College career statistics
| Year | Team | GP | Points | FG% | 3P% | FT% | RPG | APG | SPG | BPG | PPG |
| 2010–11 | Stanford | 35 | 409 | .574 | .000 | .626 | 8.0 | 0.9 | 1.5 | 0.8 | 11.7 |
| 2011–12 | Stanford | 37 | 556 | .583 | .000 | .663 | 10.1 | 1.4 | 0.8 | 1.2 | 15.0 |
| 2012–13 | Stanford | 36 | 805 | .586 | .250 | .776 | 12.9 | 1.5 | 1.4 | 1.7 | 22.4 |
| 2013–14 | Stanford | 37 | 967 | .601 | .267 | .713 | 12.1 | 1.7 | 1.2 | 1.8 | 26.1 |
| Career | 145 | 2,737 | .589 | .263 | .705 | 10.8 | 1.4 | 1.2 | 1.4 | 18.9 |

===WNBA===

====Regular season====

| Year | Team | GP | GS | MPG | FG% | 3P% | FT% | RPG | APG | SPG | BPG | TO | PPG |
|---|---|---|---|---|---|---|---|---|---|---|---|---|---|
| 2014 | Connecticut | 31 | 31 | 29.7 | .536 | — | .693 | 7.5 | 0.6 | 1.2 | 1.2 | 1.9 | 15.5 |
| 2016 | Connecticut | 33 | 18 | 24.3 | .587 | — | .719 | 6.7 | 0.7 | 1.0 | 1.0 | 1.5 | 12.6 |
| 2018 | Connecticut | 31 | 31 | 25.5 | .603 | .500 | .797 | 7.3 | 1.0 | 1.1 | 0.6 | 1.6 | 14.4 |
| 2019 | Los Angeles | 32 | 14 | 21.8 | .494 | .250 | .809 | 5.8 | 0.8 | 1.0 | 0.7 | 1.3 | 9.6 |
| 2021 | Los Angeles | 7 | 3 | 19.1 | .408 | .750 | .750 | 4.1 | 1.3 | 0.9 | 0.4 | 0.9 | 7.0 |
| 2022 | Los Angeles | 26 | 7 | 18.4 | .466 | .444 | .706 | 5.5 | 1.1 | 0.8 | 0.3 | 1.4 | 7.0 |
| 2023 | Los Angeles | 10 | 4 | 21.2 | .430 | .077 | .714 | 4.3 | 1.3 | 1.3 | 0.3 | 1.2 | 8.4 |
| Career | 7 years, 2 teams | 170 | 108 | 23.7 | .535 | .341 | .741 | 6.5 | 0.9 | 1.0 | 0.7 | 1.5 | 11.6 |

====Playoffs====

| Year | Team | GP | GS | MPG | FG% | 3P% | FT% | RPG | APG | SPG | BPG | TO | PPG |
|---|---|---|---|---|---|---|---|---|---|---|---|---|---|
| 2018 | Connecticut | 1 | 0 | 19.1 | .200 | .000 | .000 | 3.0 | 1.0 | 2.0 | 0.0 | 0.0 | 2.0 |
| 2019 | Los Angeles | 4 | 0 | 16.6 | .500 | .000 | .857 | 3.3 | 0.8 | 0.8 | 0.5 | 0.8 | 6.0 |
| Career | 2 years, 2 teams | 5 | 0 | 17.1 | .435 | .000 | .857 | 3.2 | 0.8 | 1.0 | 0.4 | 0.6 | 5.2 |

== Awards ==
- 2010—WBCA High School Coaches' All-America Team
- 2011—All-Pacific-10 Conference Team
- 2011—All-Pac-10 All-Defensive Team
- 2011—All-Pac-10 Tournament Team
- 2011—Pac-10 Freshman of the Year
- 2013—Pac-12 Player of the Year
- 2013—Pac-12 Defensive Player of the Year
- 2014—ESPNW First Team All-American
- 2014—USBWA All-American team
- 2014—John R. Wooden Award
- 2014—Pac-12 Player of the Year
- 2014—Pac-12 Defensive Player of the Year
- 2014—WNBA Rookie of the Year

==Off the court==
===Personal life===
Ogwumike is Catholic. Ogwumike's older sister, Nneka Ogwumike, plays for the Los Angeles Sparks.

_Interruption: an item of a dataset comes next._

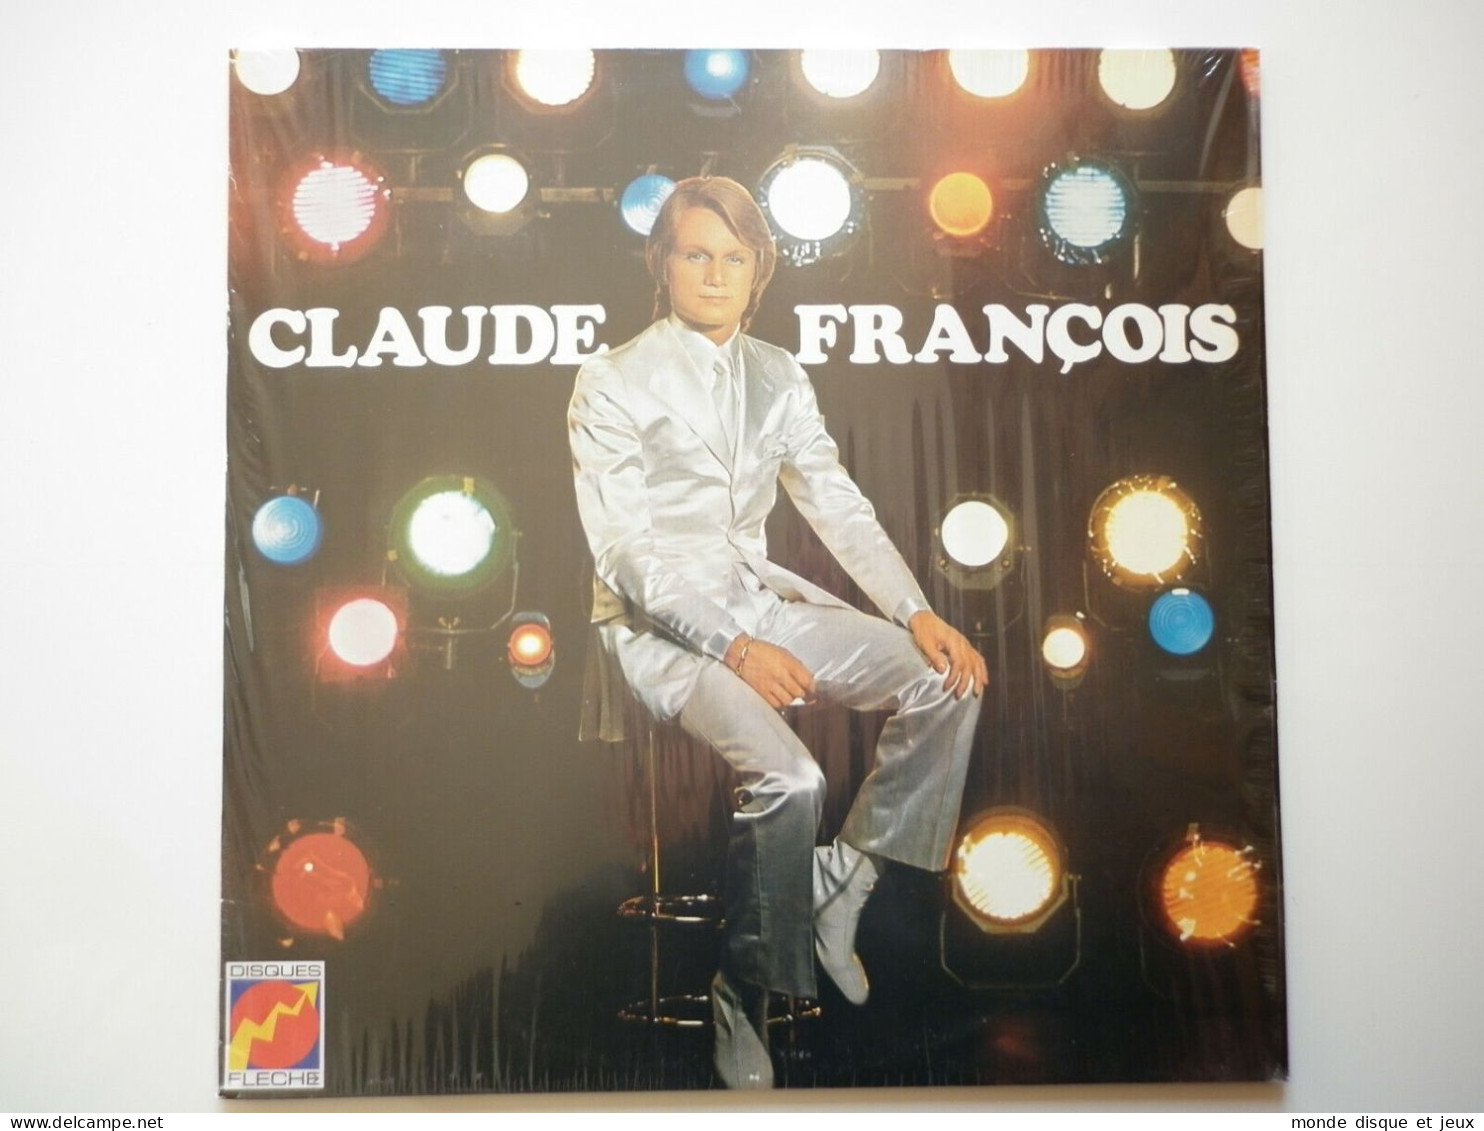 Claude François Album 33Tours Vinyle Le Lundi Au Soleil - Otros - Canción Francesa

In November 2023, Ogwumike married Nigerian boxer, Raphael Akpejiori.

===In popular culture===
In December 2020, Ogwumike was named to Forbes 30 Under 30, alongside fellow WNBA players, Natasha Cloud and A'ja Wilson.

=== Advocacy ===
In 2014, Ogwumike and her sister, Nneka Ogwumike, held a fundraiser to support UNICEF programs that promote education and empowerment for girls in Nigeria following the mass kidnapping of schoolgirls by Boko Haram earlier that year.

In October 2023, Ogwumike became an inaugural member of the President's Advisory Council on African Diaspora Engagement in the United States.